--- Requirement ---
Print the records below word for word, beginning with the first line and ending once the line containing "Акустическая система ОК-117" is printed.

--- Task input ---
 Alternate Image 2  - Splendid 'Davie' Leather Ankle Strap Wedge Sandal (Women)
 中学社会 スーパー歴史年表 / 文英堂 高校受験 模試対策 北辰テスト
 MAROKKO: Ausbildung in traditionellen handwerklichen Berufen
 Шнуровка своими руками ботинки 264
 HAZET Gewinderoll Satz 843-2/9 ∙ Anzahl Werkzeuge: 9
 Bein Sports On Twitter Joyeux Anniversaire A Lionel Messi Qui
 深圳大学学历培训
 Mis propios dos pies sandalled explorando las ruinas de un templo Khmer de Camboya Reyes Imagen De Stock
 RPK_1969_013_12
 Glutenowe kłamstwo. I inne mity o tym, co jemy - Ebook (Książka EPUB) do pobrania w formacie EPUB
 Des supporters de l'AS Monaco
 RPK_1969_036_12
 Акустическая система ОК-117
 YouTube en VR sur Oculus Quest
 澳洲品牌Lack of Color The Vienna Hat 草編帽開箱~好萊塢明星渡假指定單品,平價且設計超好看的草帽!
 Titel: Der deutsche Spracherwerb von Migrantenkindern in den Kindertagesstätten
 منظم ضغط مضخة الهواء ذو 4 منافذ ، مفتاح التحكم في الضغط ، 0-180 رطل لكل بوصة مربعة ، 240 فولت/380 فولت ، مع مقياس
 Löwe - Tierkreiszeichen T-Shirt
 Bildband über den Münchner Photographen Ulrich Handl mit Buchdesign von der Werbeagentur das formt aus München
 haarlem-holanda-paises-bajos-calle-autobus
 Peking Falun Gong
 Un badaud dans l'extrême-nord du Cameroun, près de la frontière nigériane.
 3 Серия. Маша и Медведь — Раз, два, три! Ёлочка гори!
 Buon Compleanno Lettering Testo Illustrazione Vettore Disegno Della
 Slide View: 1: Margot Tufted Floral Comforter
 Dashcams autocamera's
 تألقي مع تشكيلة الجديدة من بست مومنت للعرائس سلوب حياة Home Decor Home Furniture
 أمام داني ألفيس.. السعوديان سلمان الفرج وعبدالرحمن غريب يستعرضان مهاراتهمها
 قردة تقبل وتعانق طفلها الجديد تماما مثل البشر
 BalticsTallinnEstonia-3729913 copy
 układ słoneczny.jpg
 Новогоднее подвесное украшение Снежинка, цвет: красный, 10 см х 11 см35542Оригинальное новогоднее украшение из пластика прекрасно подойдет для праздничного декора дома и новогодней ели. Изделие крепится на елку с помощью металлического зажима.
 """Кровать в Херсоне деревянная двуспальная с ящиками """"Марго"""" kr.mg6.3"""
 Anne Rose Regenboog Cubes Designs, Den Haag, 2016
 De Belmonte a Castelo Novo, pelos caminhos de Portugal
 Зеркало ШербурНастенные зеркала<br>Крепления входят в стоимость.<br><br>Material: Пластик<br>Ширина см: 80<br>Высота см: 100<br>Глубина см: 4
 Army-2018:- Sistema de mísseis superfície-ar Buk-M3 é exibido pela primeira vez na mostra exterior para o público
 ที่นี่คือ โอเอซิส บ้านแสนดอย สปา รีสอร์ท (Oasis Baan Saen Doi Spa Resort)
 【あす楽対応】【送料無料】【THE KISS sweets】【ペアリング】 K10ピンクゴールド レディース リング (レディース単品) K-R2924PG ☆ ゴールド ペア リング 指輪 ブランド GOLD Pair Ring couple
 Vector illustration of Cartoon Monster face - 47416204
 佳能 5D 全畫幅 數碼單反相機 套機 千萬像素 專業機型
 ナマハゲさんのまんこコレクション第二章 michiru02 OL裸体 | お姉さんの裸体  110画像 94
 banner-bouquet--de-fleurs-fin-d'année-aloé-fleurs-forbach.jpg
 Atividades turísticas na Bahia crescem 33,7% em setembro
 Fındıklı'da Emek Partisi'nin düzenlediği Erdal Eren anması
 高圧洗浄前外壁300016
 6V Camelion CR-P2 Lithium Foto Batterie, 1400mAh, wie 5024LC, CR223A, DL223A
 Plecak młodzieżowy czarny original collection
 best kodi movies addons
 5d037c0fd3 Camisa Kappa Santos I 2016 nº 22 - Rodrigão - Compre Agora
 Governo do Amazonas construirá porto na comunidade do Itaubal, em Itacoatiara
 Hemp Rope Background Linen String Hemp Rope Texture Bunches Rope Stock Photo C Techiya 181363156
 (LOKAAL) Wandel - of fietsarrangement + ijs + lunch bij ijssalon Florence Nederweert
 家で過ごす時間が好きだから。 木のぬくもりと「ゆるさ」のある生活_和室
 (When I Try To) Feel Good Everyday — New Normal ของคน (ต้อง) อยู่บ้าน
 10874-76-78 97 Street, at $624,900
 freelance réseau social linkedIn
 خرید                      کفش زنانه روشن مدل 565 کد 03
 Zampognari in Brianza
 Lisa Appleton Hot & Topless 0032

--- Expected answer ---
 Alternate Image 2  - Splendid 'Davie' Leather Ankle Strap Wedge Sandal (Women)
 中学社会 スーパー歴史年表 / 文英堂 高校受験 模試対策 北辰テスト
 MAROKKO: Ausbildung in traditionellen handwerklichen Berufen
 Шнуровка своими руками ботинки 264
 HAZET Gewinderoll Satz 843-2/9 ∙ Anzahl Werkzeuge: 9
 Bein Sports On Twitter Joyeux Anniversaire A Lionel Messi Qui
 深圳大学学历培训
 Mis propios dos pies sandalled explorando las ruinas de un templo Khmer de Camboya Reyes Imagen De Stock
 RPK_1969_013_12
 Glutenowe kłamstwo. I inne mity o tym, co jemy - Ebook (Książka EPUB) do pobrania w formacie EPUB
 Des supporters de l'AS Monaco
 RPK_1969_036_12
 Акустическая система ОК-117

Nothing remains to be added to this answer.